Which of the lines below contain the string "Gold"? Pull each one out of the data.

***** The data

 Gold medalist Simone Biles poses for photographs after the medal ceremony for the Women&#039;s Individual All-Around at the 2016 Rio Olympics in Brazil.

**********
***** The data

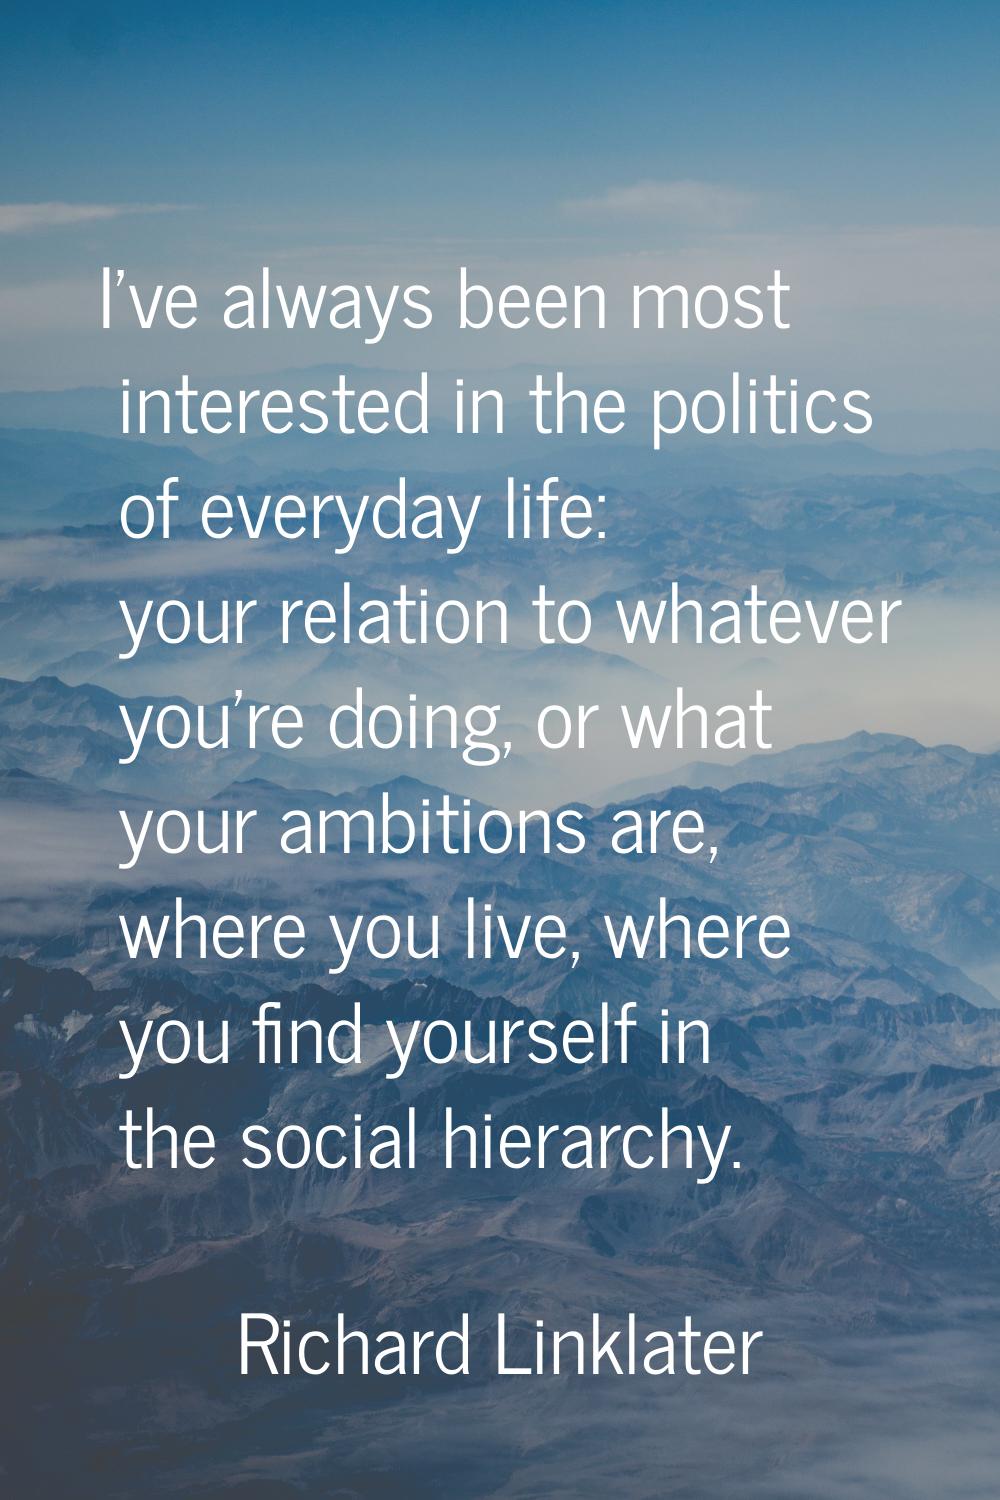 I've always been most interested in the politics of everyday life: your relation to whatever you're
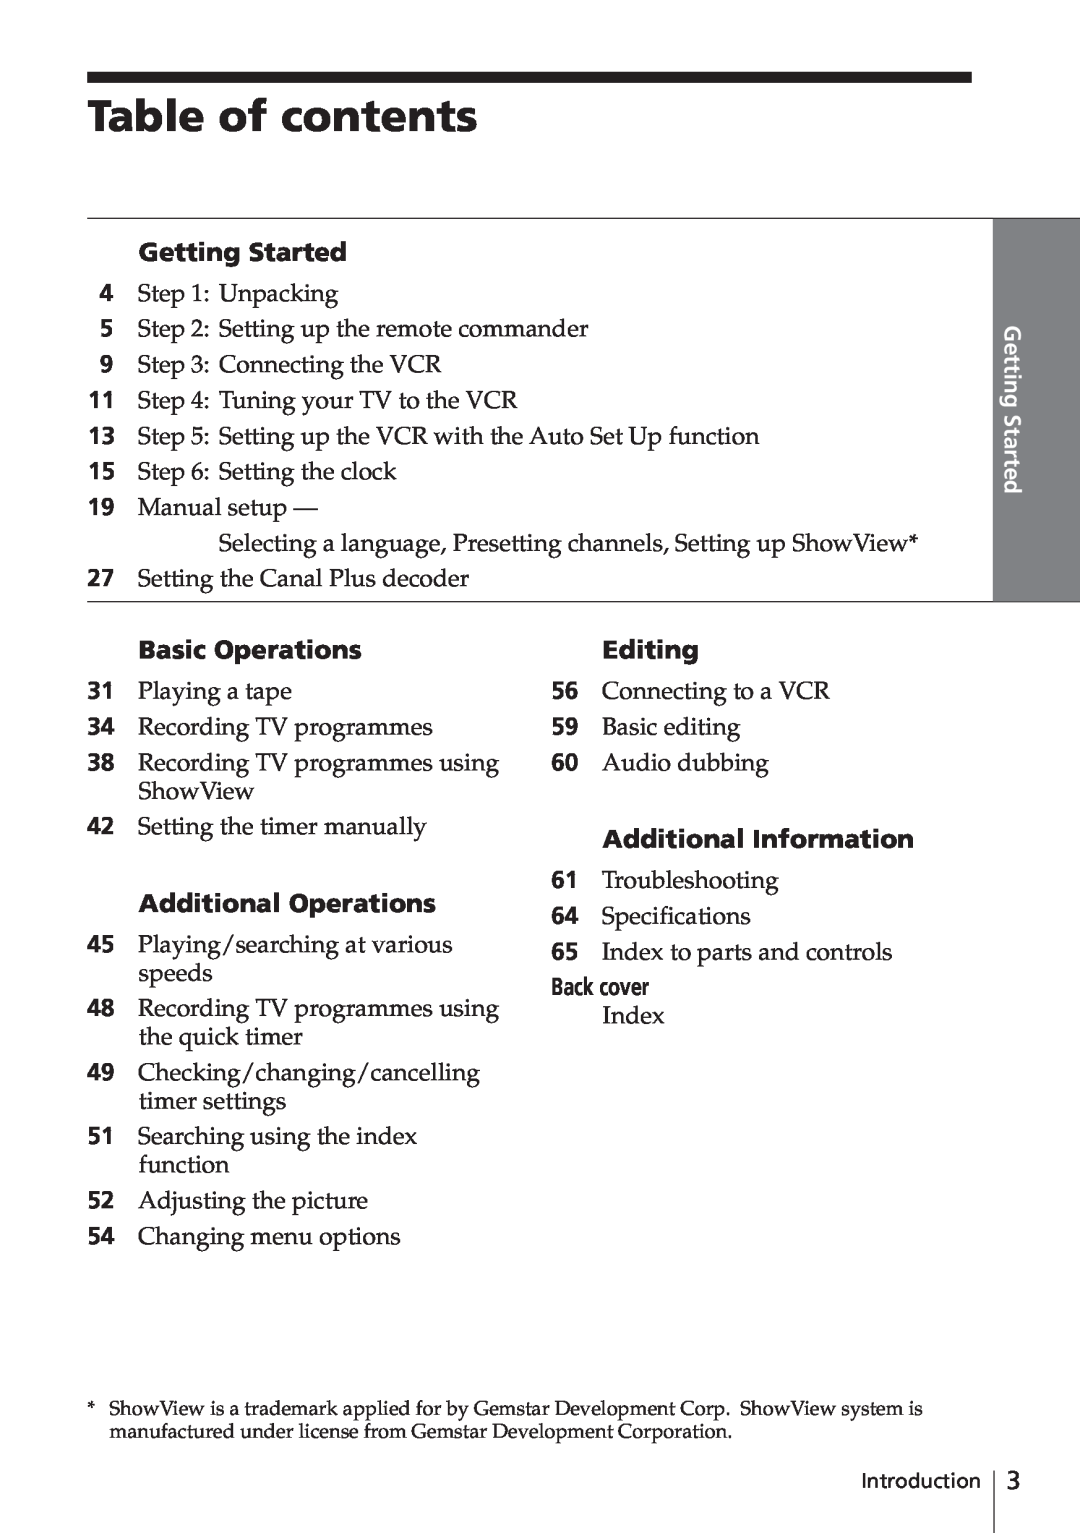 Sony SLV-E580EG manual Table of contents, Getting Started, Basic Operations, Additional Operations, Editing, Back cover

**********
***** The data

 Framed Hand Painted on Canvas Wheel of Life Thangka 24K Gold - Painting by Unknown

**********

# Result of the exercise:
 Gold medalist Simone Biles poses for photographs after the medal ceremony for the Women&#039;s Individual All-Around at the 2016 Rio Olympics in Brazil.
 Framed Hand Painted on Canvas Wheel of Life Thangka 24K Gold - Painting by Unknown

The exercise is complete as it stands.